*** The input ***

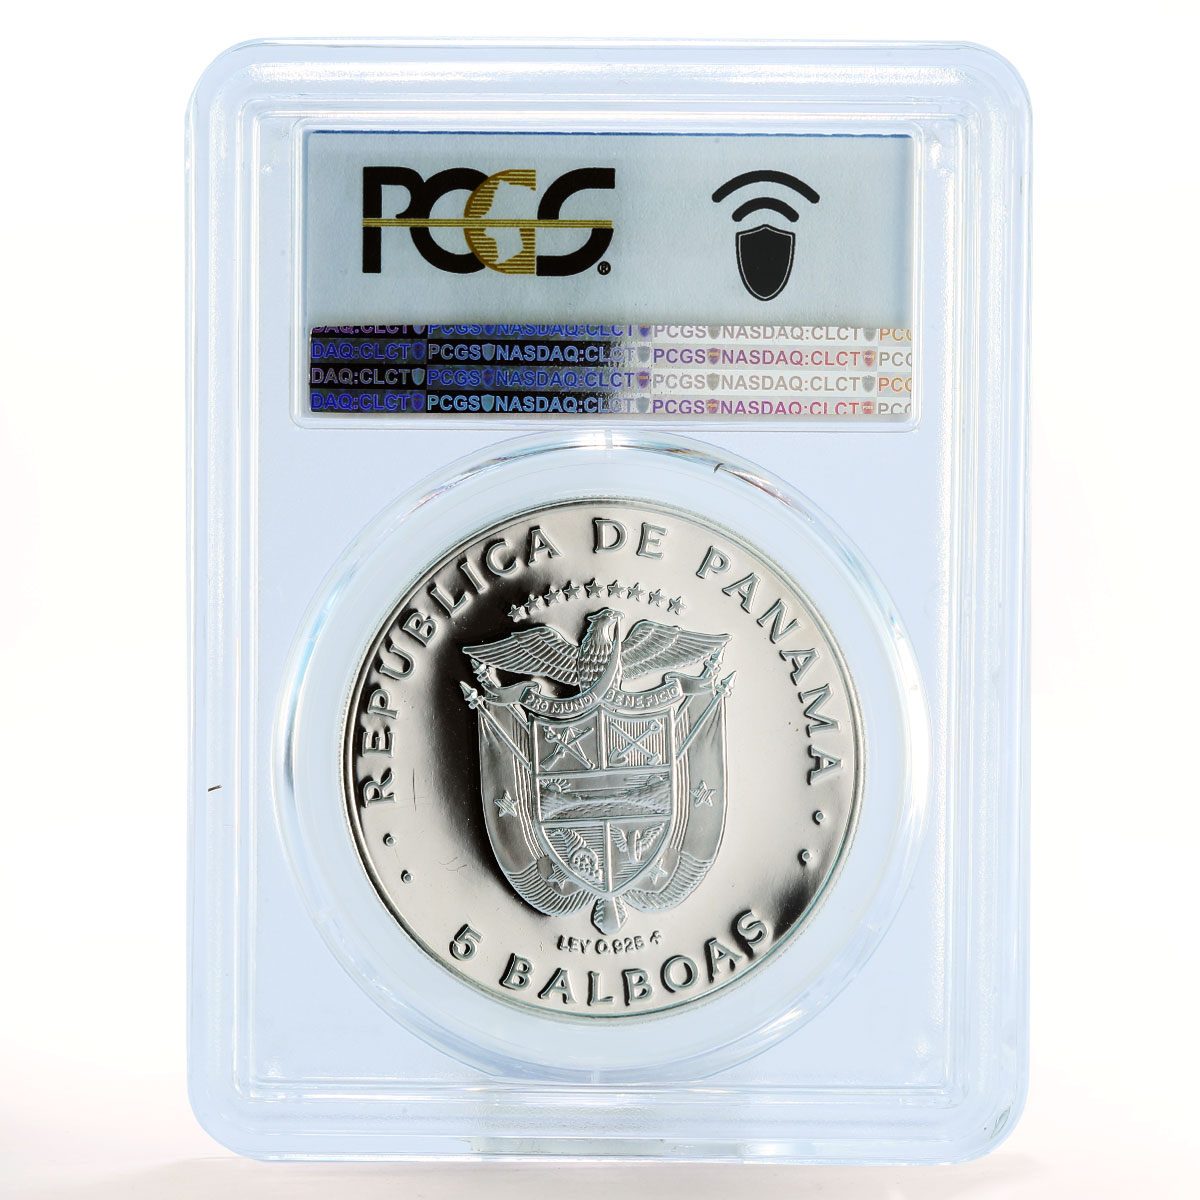 Panama 5 balboas President Belisario Porras PR69 PCGS silver coin 1975
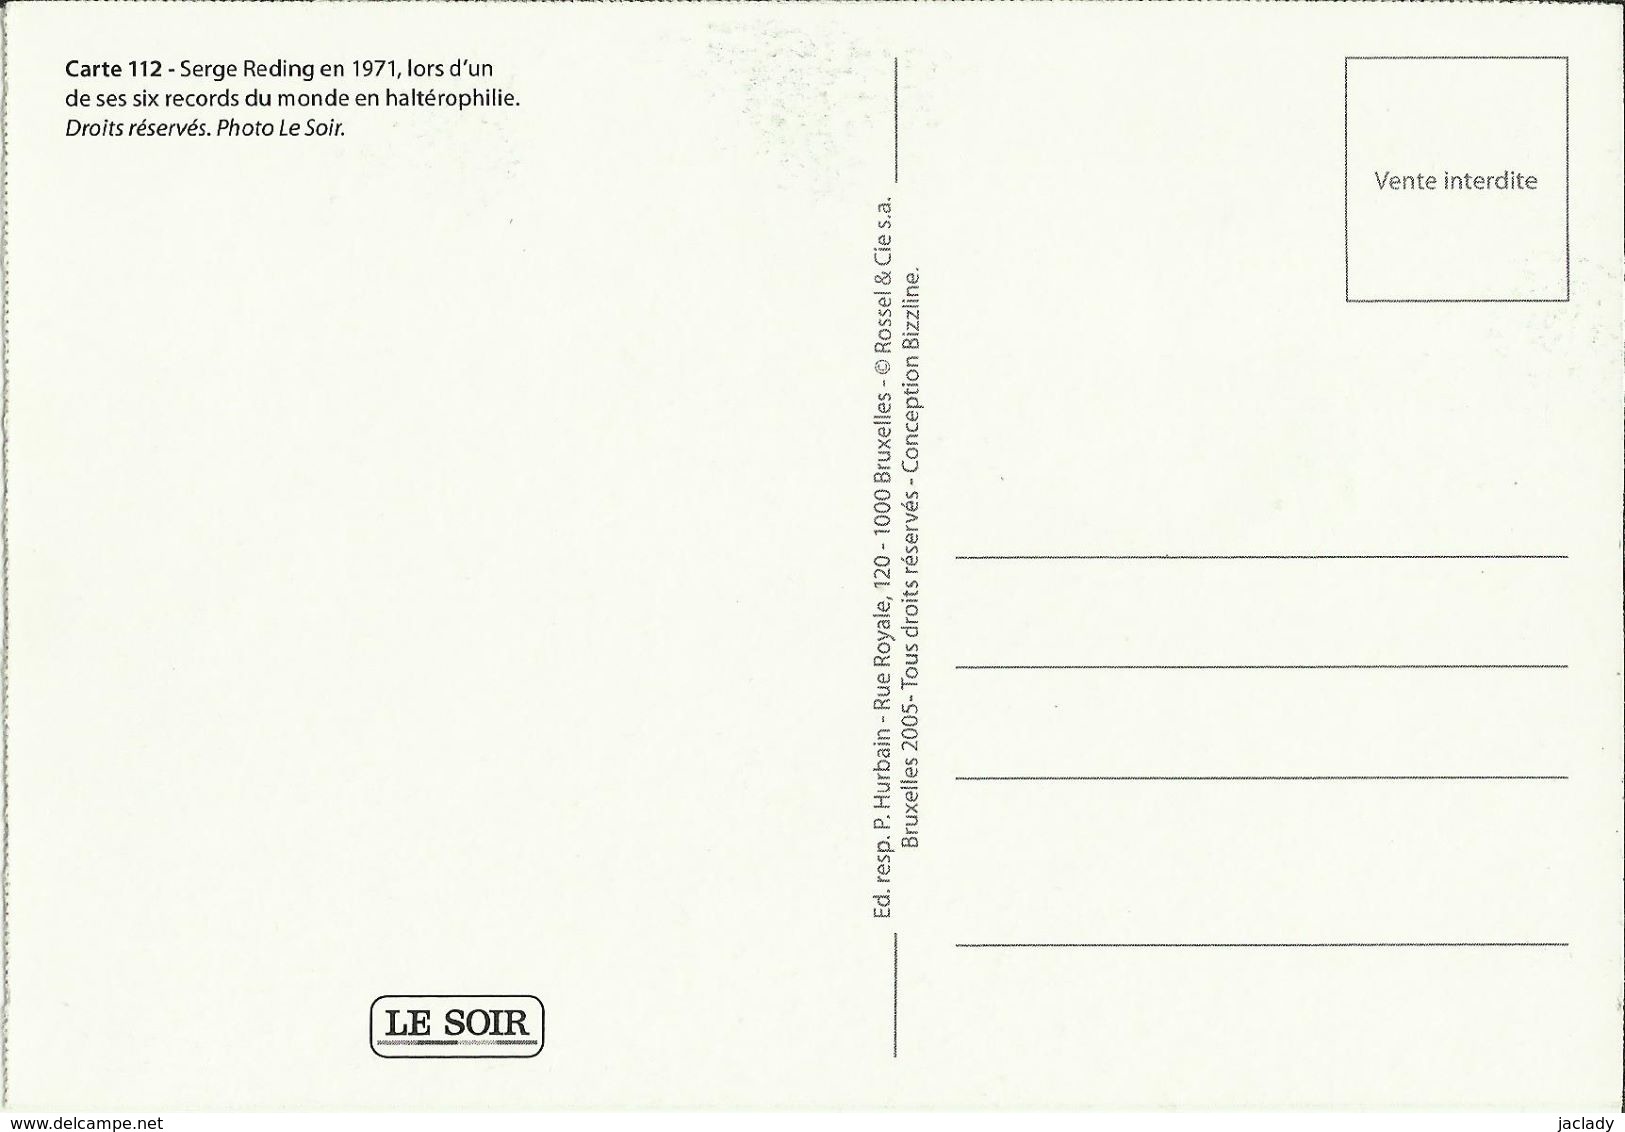 BELGIQUE - Carte N° 112 Du SOIR -- Serge Reding En 1971, Lors D'un De Ses 6 Records Du Monde En Haltérophilie. - Gewichtheffen
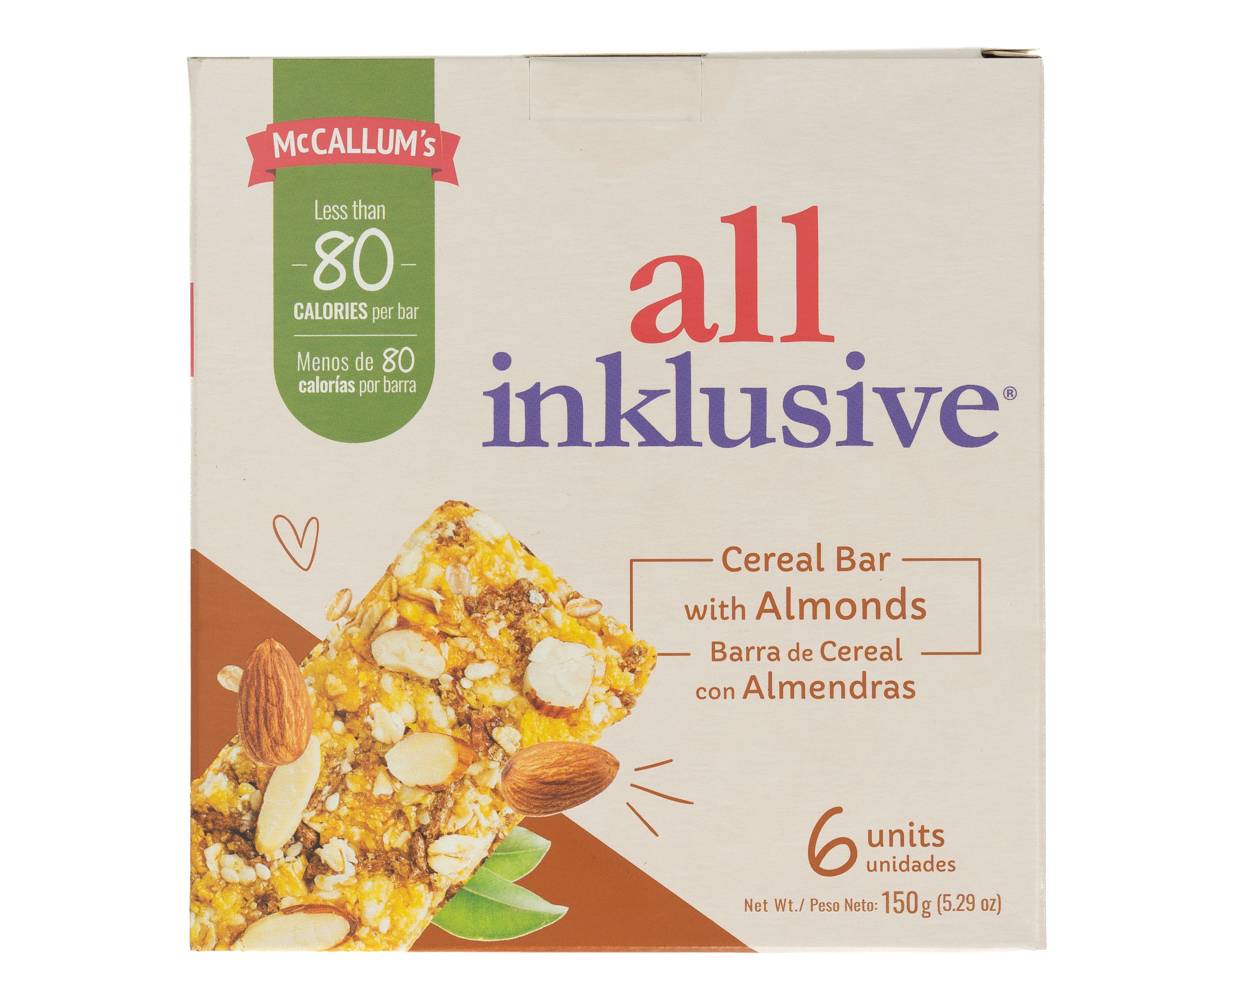 Mccallum's all inklusive barras de cereal con almendras (6 unidades)
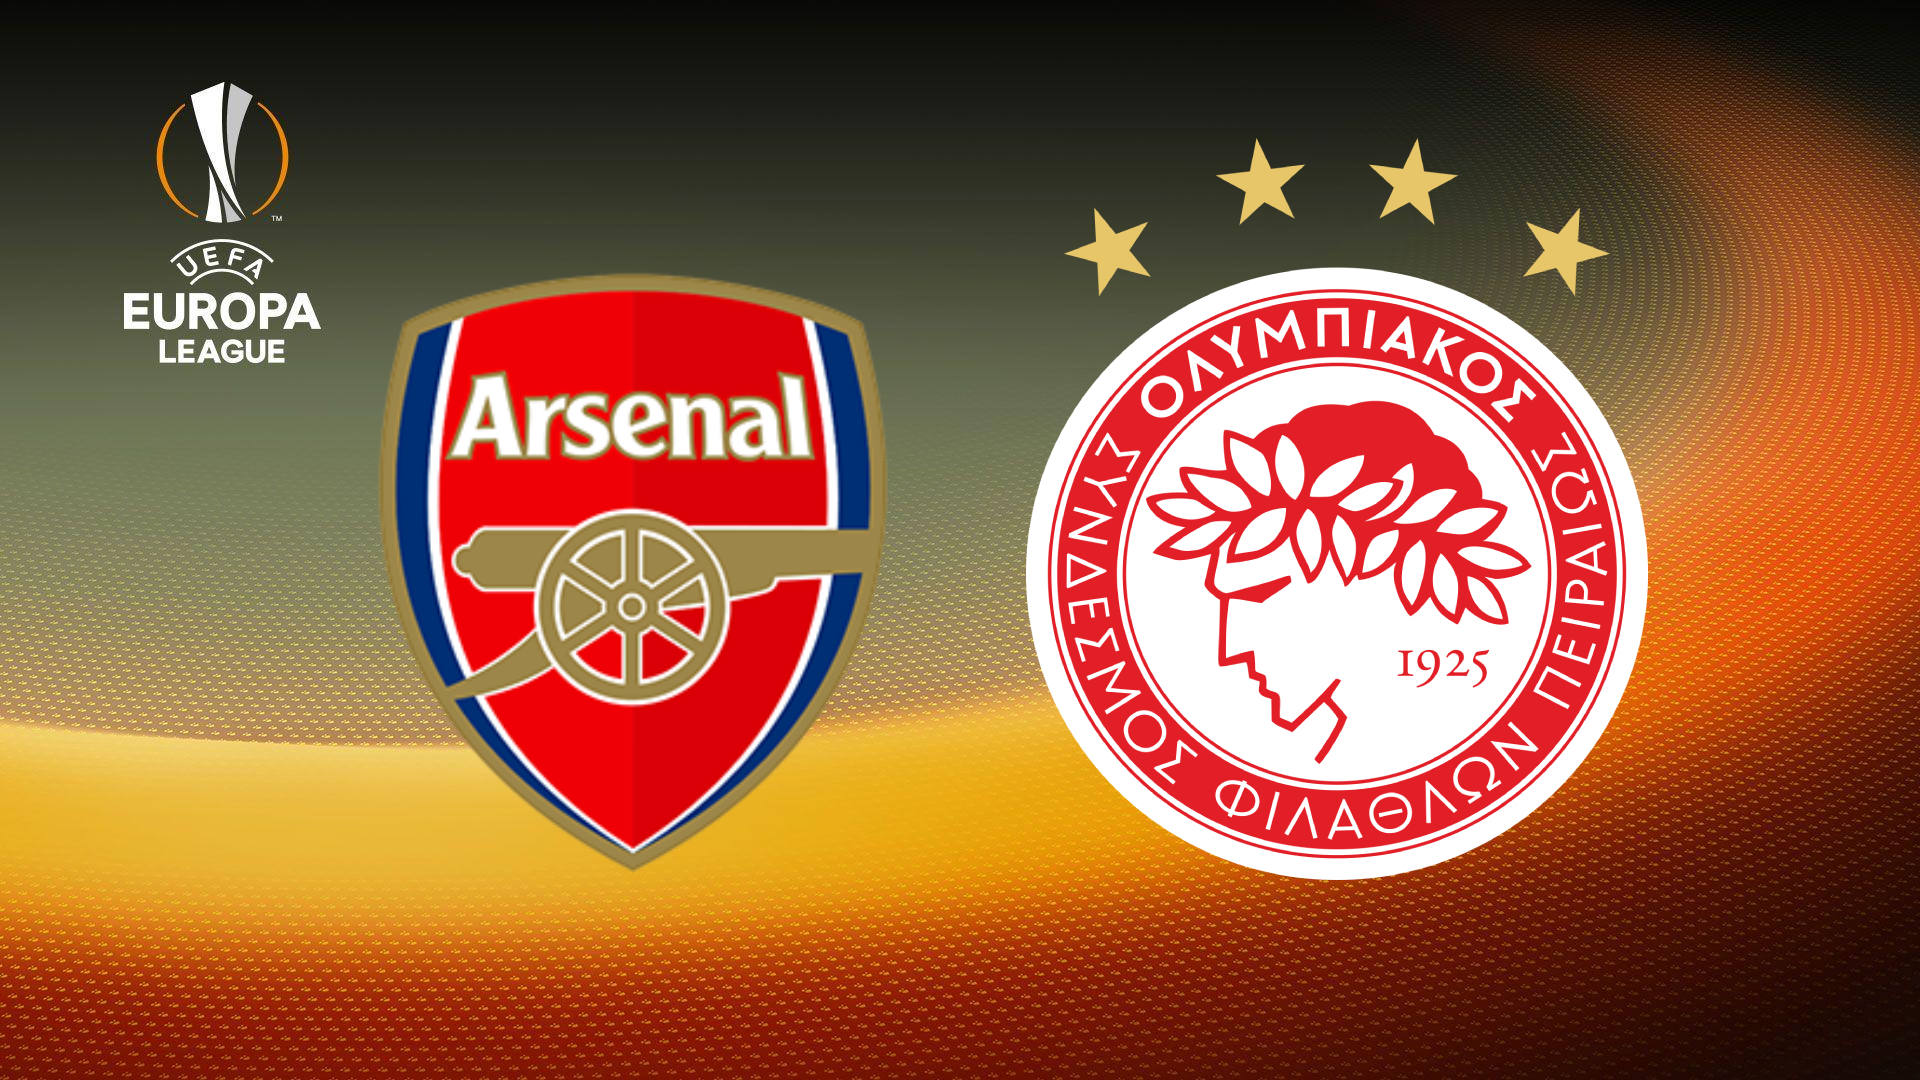 Nhận định Arsenal vs Olympiacos (0h55 ngày 19/3): Khó có thần thoại trên đất Anh
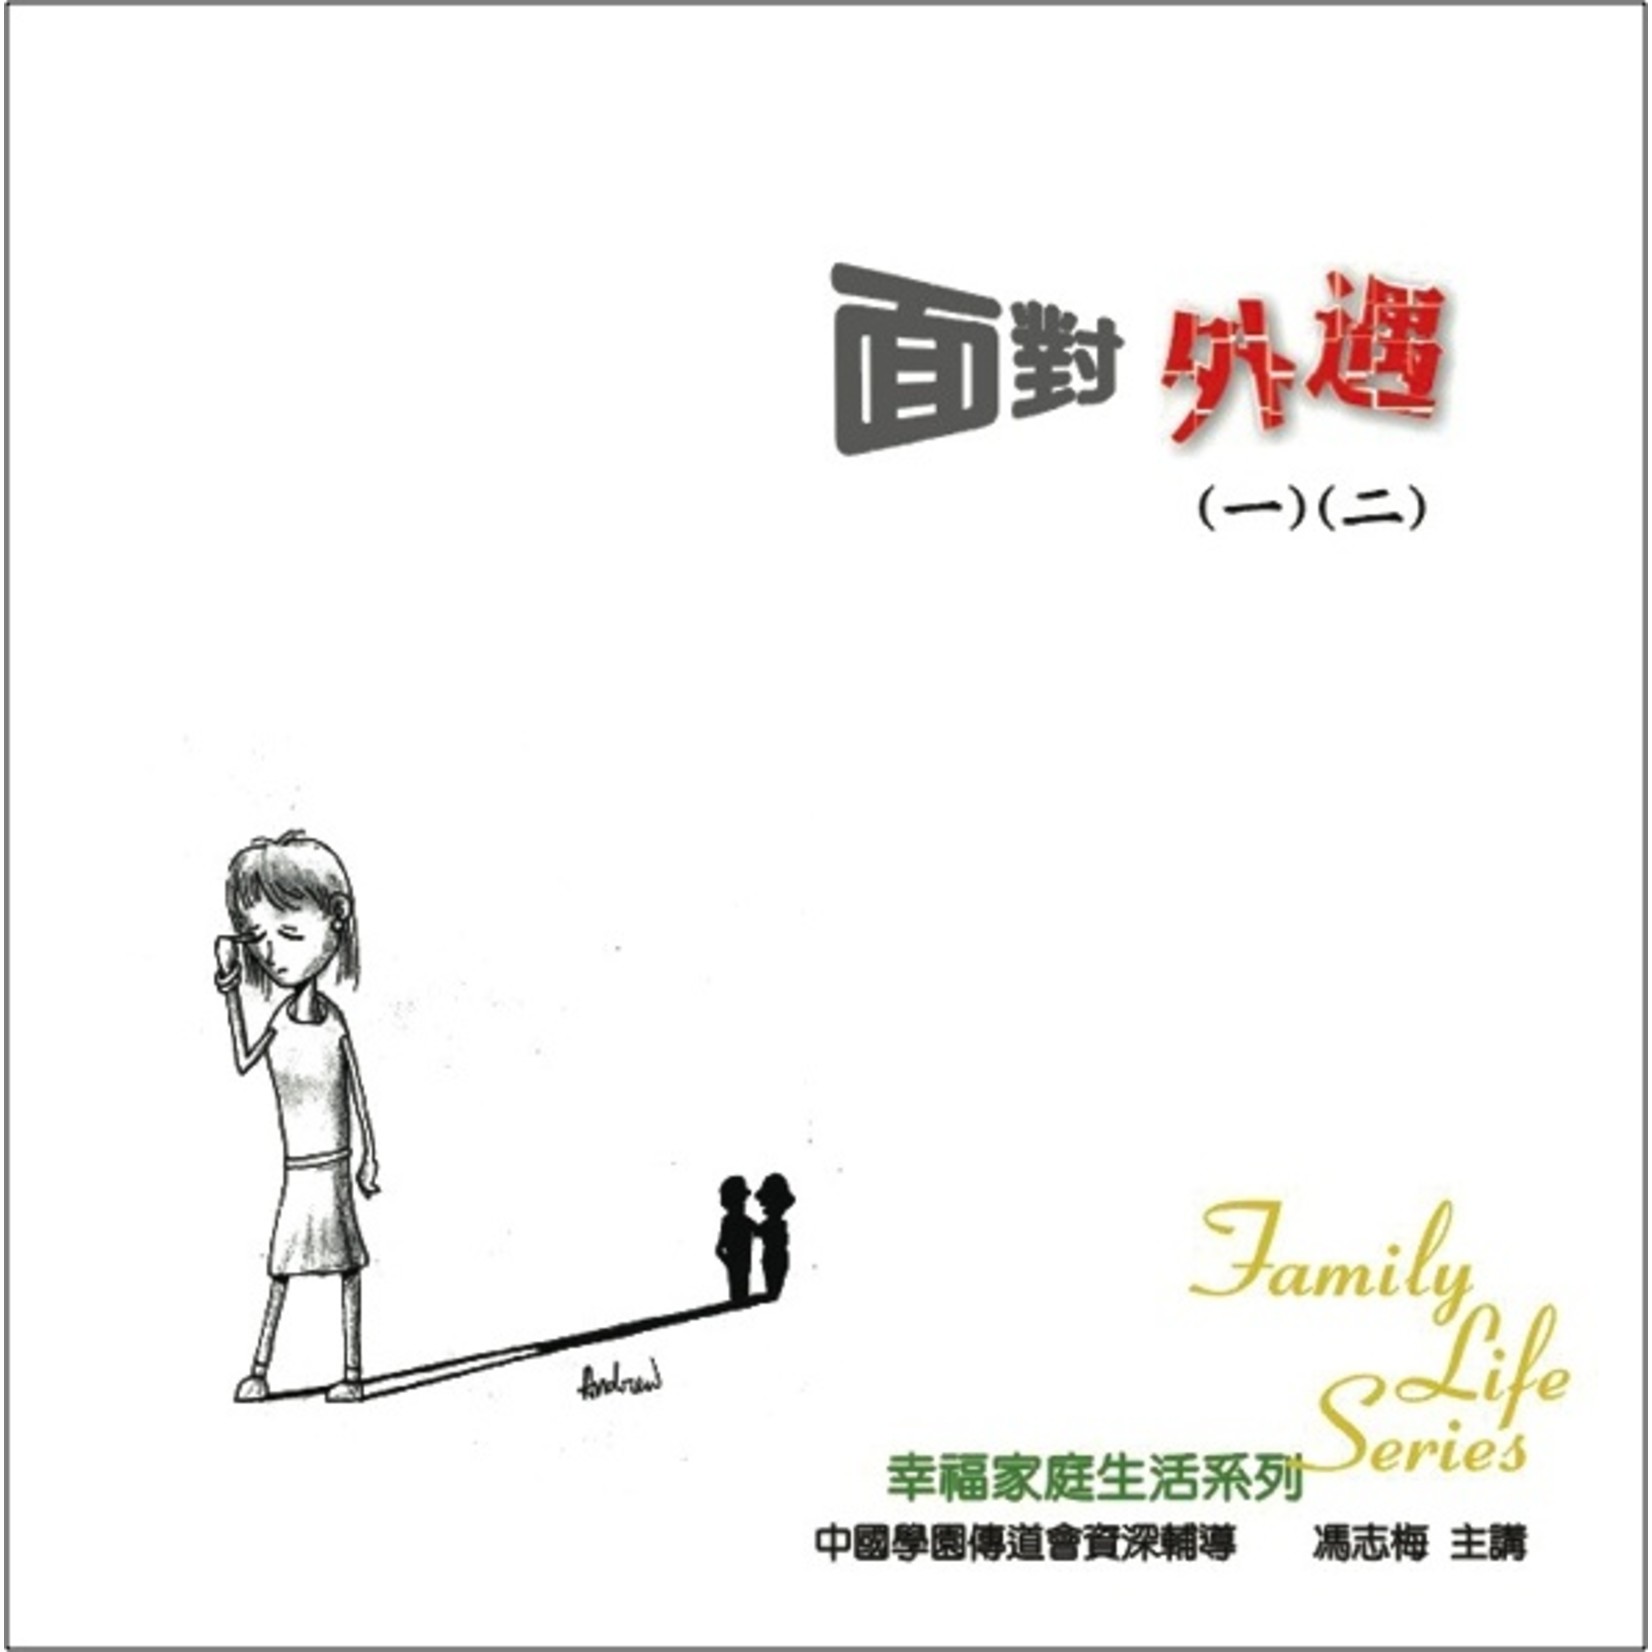 中國學園傳道會 Taiwan Campus Crusade for Christ 幸福家庭生活系列：面對外遇（一）（二）（2CD）

*** End of The input ***

The answer must restate each entry word for word and contain no images.

 Panama 5 balboas President Belisario Porras PR69 PCGS silver coin 1975
 BELGIQUE - Carte N° 112 Du SOIR -- Serge Reding En 1971, Lors D'un De Ses 6 Records Du Monde En Haltérophilie. - Gewichtheffen
 Mccallum's all inklusive barras de cereal con almendras (6 unidades)
 Nhận định Arsenal vs Olympiacos (0h55 ngày 19/3): Khó có thần thoại trên đất Anh
 中國學園傳道會 Taiwan Campus Crusade for Christ 幸福家庭生活系列：面對外遇（一）（二）（2CD）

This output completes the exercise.